Marlin’s Gottahack
– 1998 Nov 09 – PREV HOME NEXT
Ink Compression
---------------
Back in the days of
Pen Windows this was one of the hot topics. Debating whether "ink"
was going to be an important data type in the soon to be multi-billion dollar
pen computing biz. In fact at one point in time after I left the pen group and
was working in MS research on general compression algorithms, I assigned one of
my junior engineers to consult with the pen group on a means of ink
compression. Nothing much came of it as I recall. I mean, if the pen group
really considered it important they would not have trusted some random dude in
the research group do it. I believe we got the project so that some program
manager over in the pen group could check off the item - "working on ink
compression" - check!
Anyway I thought
I'd report on a note taking system that I hacked out since then that does some
interesting ink compression and is in my opinion a rather satisfying ink
capture application.
Implementation
--------------
You have a blank
screen upon which you can draw. Works just like any paint package pencil, you
scribble on the screen and it leaves lines. However after each stroke (time
from pen down to pen up) the system "cleans up" the stroke you just
drew. What this really means is that the system compresses the stroke and
replaces the user drawn data with its reconstruction of the compressed data for
the stroke.
There are two
buttons off to the side. One is labeled "WRONG!" the other labeled
"OOPS!" The purpose of the buttons is to allow the user to give
additional feedback to the system to tell it how it is doing. The idea is that
the default feed back which the user gives by just continuing to draw, is that
everything is fine. "Wrong" means the system screwed up and
"oops" means that the user screwed up and would like the last stroke
to just be erased as if it never happened. The oops feedback in necessary because
the system is engaged in learning from the supplied input and if you make a
mistake in the input you would like to clear it out rather than have it corrupt
the learning process.
The means for
compressing strokes is trivial. In fact, I think it is surprisingly trivial,
meaning that it did well even in places where I expected the behavior to be
less than satisfactory. More on that later.
I keep an array,
the dictionary, of normalized strokes. The normalization process is to take the
stream of XY data that made up the original stroke, reduce or expand it to
exactly 20 XY coordinate points and to scale the points so that they fit in a
(-1,1) coordinate system. I do nothing fancy like interpolating between points,
I just toss out all but 20 points or duplicate them if necessary to get to 20
points and then scale them.
Whenever the user
inputs a new stroke, I normalize it and then look through my stroke dictionary
to find the closest thing to the stroke that was just drawn.

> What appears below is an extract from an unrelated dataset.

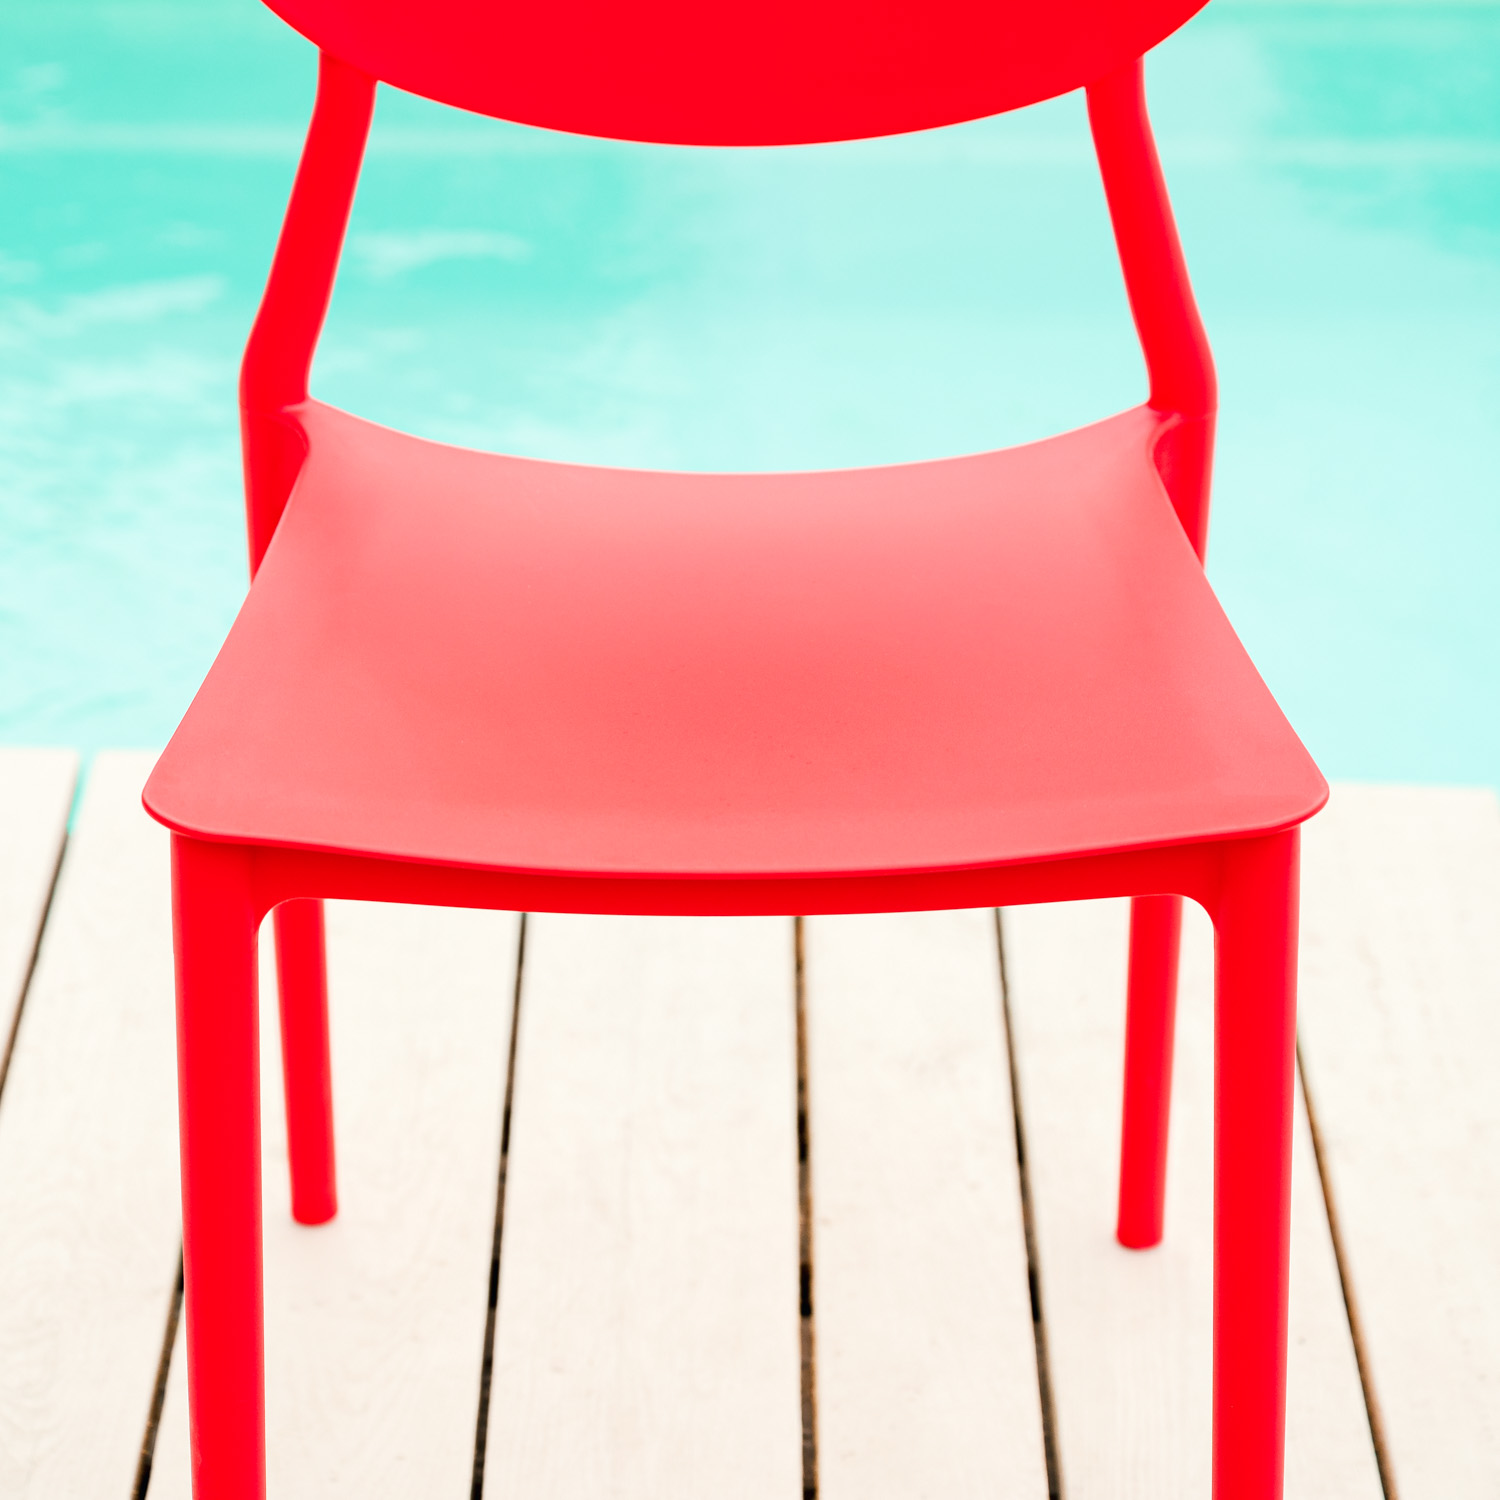 Chaise de jardin Lot de 4 Rouge Chaises design moderne Plastique Chaises exterieur Chaises empilable Chaise de cuisine
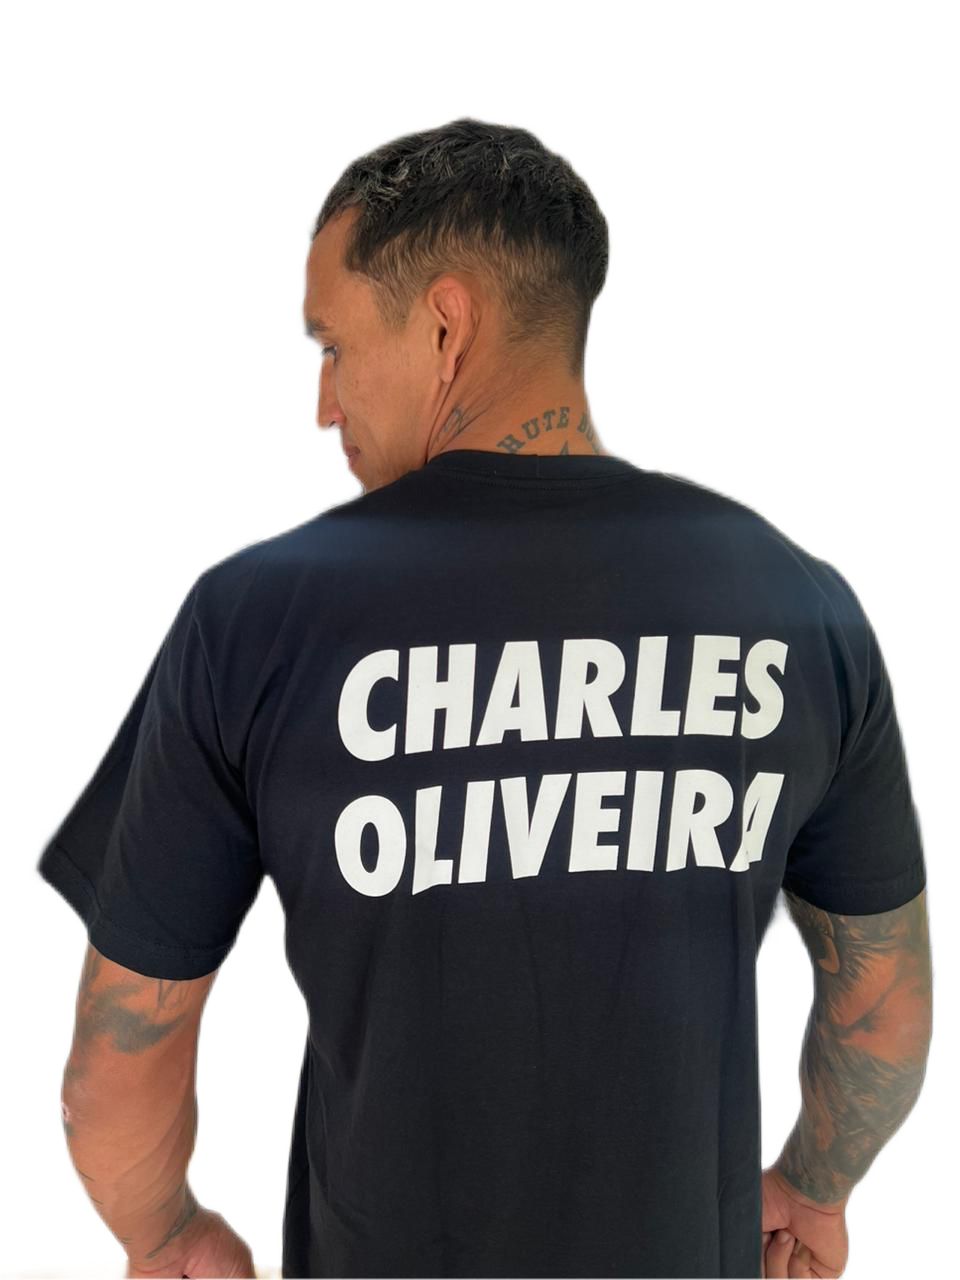 AUTOGRAFADA - Camiseta Charles Do Bronxs - PROBLEMA DA DIVISAO

For the metric
function for measuring "closeness" I just use the standard Euclidean
distance - root sum of squares of the differences. I replace the ink on the
screen showing the user's actual input with the stroke I found in the
dictionary. Then the feedback comes.
If the user hits
WRONG it means that the element in the dictionary was not a close enough match
to what the user input. In that case we just take the original user input, add
it to the dictionary (quantized down to the 20 points) and fix up the screen to
match the new dictionary element.
If the user hits
OOPS they have decided that they made a mistake so you just remove the stroke
from the screen and do NO learning.
If the user draws
another stroke this is takes as acceptance of the previous stroke, in which
case the learning happens. Learning consists of averaging in the latest user
input to the dictionary entry. For my system I used a 75% old to 25% new ratio.
i.e.
Dic = .75*Dic +
.25New
The result is that
over time my strokes are averaged together and the results look cleaner than
any single example of my handwriting.
Results
-------
The results are
surprising. Notice that I do absolutely nothing to locate inflection points or
cusps. You would think that sometimes when I draw a 3 the cusp would land on
the 10th point and other times would happen to be the 12th point. If you
average those together you should get mush that does not look much like a 3.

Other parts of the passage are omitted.